Signed Tuesday by the two countries' energy ministers, it outlines a plan to co-operate on energy policy and research as both strive to reach the goal of net-zero emissions by 2050.

Natural Resources Minister Seamus O'Regan said Quebec and his home province of Newfoundland and Labrador are particularly well positioned to start generating so-called "green hydrogen," which burns cleanly and can be produced using wind and solar power.

O'Regan stressed the need to retrain workers in regions with economies long reliant on struggling fossil-fuel industries, saying the transition could be "messy."

"It often makes people on both sides of the political spectrum — either side — unhappy," he said in a virtual signing ceremony with Peter Altmaier, Germany's minister of economic affairs and energy.

"Oil will be with us for some time, and it will continue to be a part of the Canadian economy, without question," O'Regan said.

Liquefied natural gas could serve as a handy "bridge fuel" to cross over into green-energy territory, he added, with Germany aiming to integrate LNG imports as well as hydrogen production into its own energy strategy.

The two countries might not see fully eye to eye on hydrogen, with Canada focusing recently on so-called "blue hydrogen."

The fuel is typically derived from natural gas or other fossil fuels and coupled with carbon-capture technology to reduce emissions, making it more politically viable in western Canadian provinces that boast abundant natural gas reserves.

Senior officials from several other G20 countries joined Canada and Germany at a virtual international energy forum out of Berlin Tuesday, and they too promoted hydrogen as a key innovation to lower worldwide carbon emissions.

United States President Joe Biden's special envoy for climate, John Kerry, told the forum he supported O'Regan's push for creative and collaborative solutions, including the expansion of hydrogen, as a way for governments and the private sector to work together in transitioning away from heavy reliance on fossil fuels. 

"I think hydrogen is perhaps one of our greatest chances as obviously, that's a shared point of view. Whole economies can be built on it," Kerry said.

Foreign affairs and innovation ministers from Germany, Italy and the European Union joined Canada and the U.S. in stressing the need for greater momentum to help build the renewable energy sector in both developing and developed nations through collaboration — collaboration that needs to happen on the international level as well as domestically, the ministers said.

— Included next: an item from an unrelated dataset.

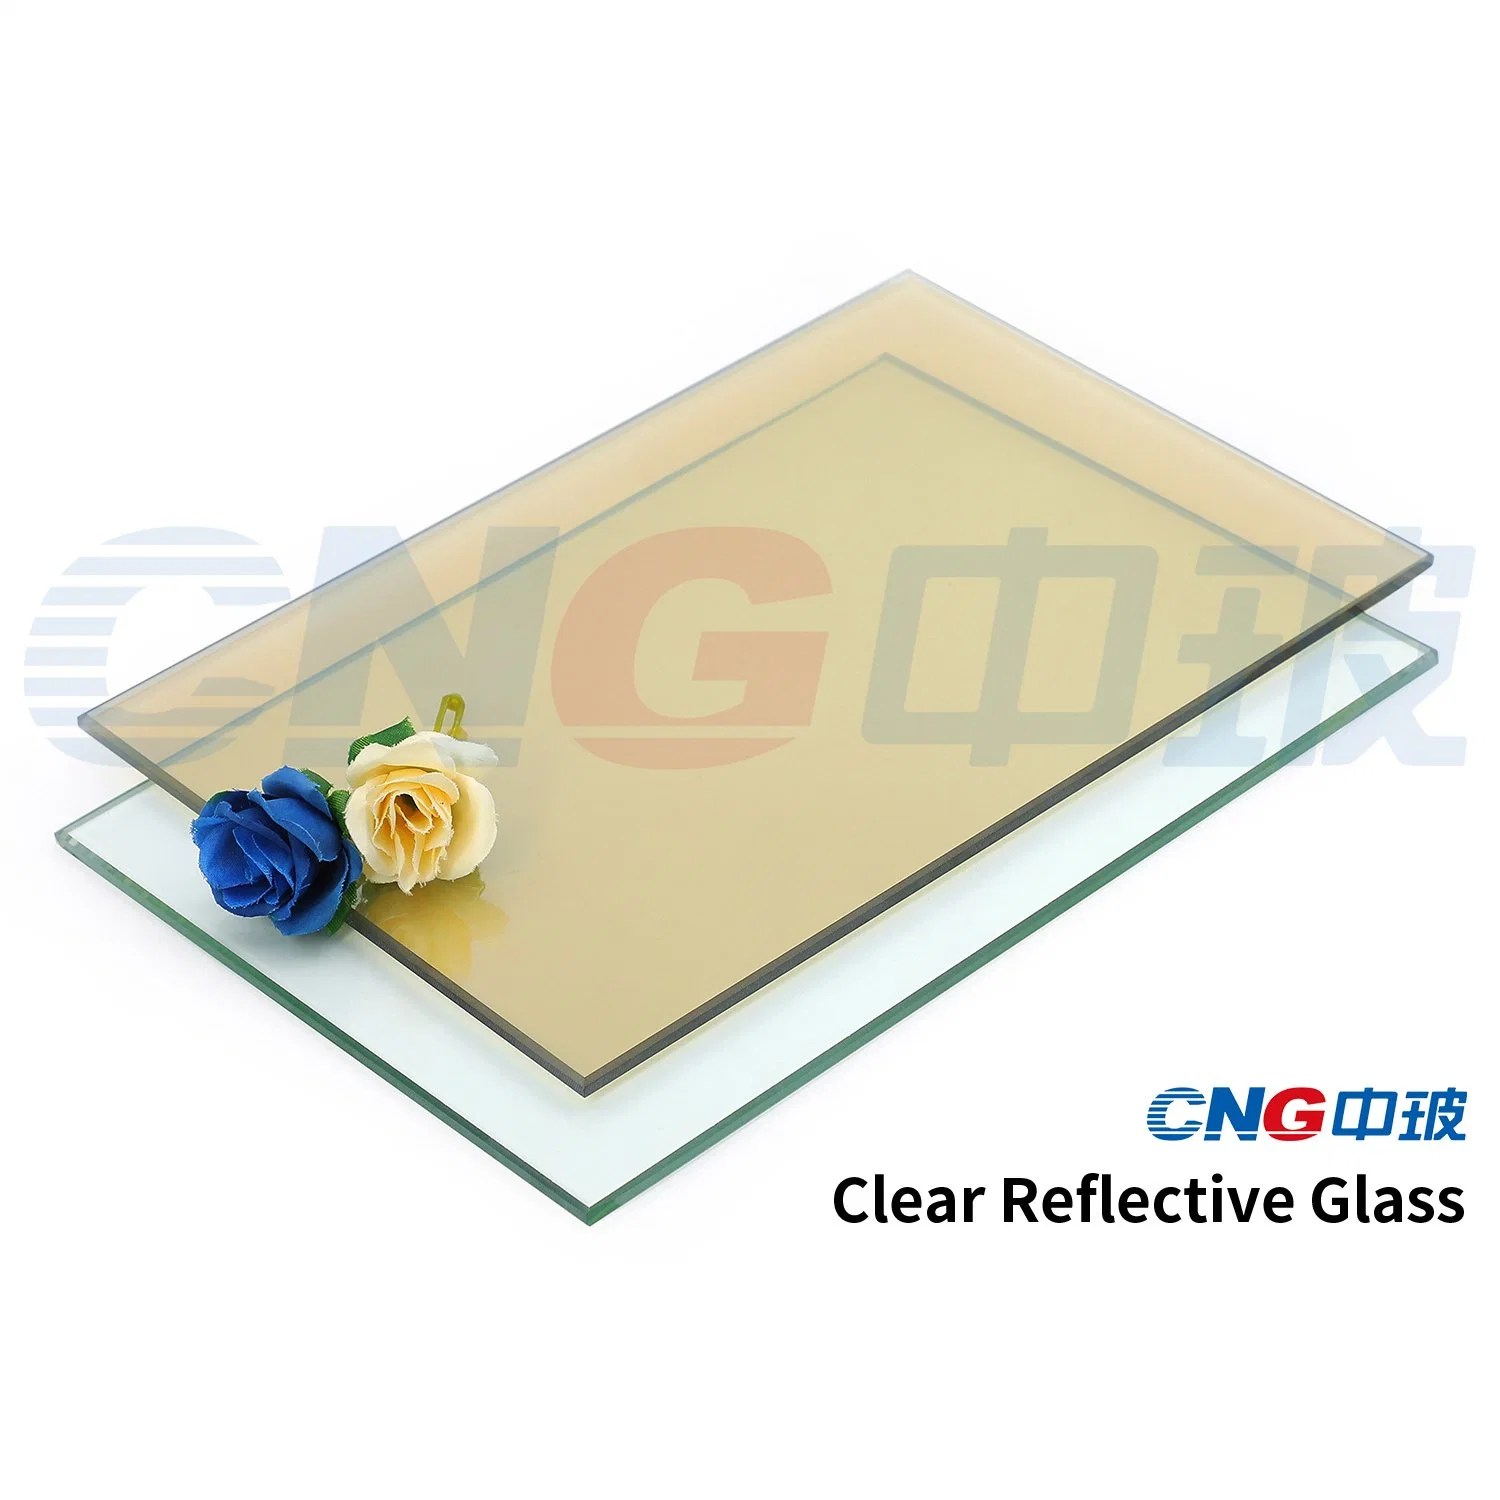 Reflective /Float /Toughened/Laminated/Tinted/Pattern/Tempered/ Glass/Building Glass for Building Window/Door

When challenged about Canada's ongoing spending on the fossil-fuel industry while the Trudeau government continues to press other nations to go harder on green alternatives, O'Regan defended Canada's oil, gas and pipeline spending.

"We are not going to get oil-free overnight, by any stretch of the imagination, so in the meantime we have to do the hard work of lowering the emissions involved in the extraction and use of oil," he said.

"This is not an act of charity, these are the people we need to do the hard work," he said.

This report by The Canadian Press was first published March 16, 2021.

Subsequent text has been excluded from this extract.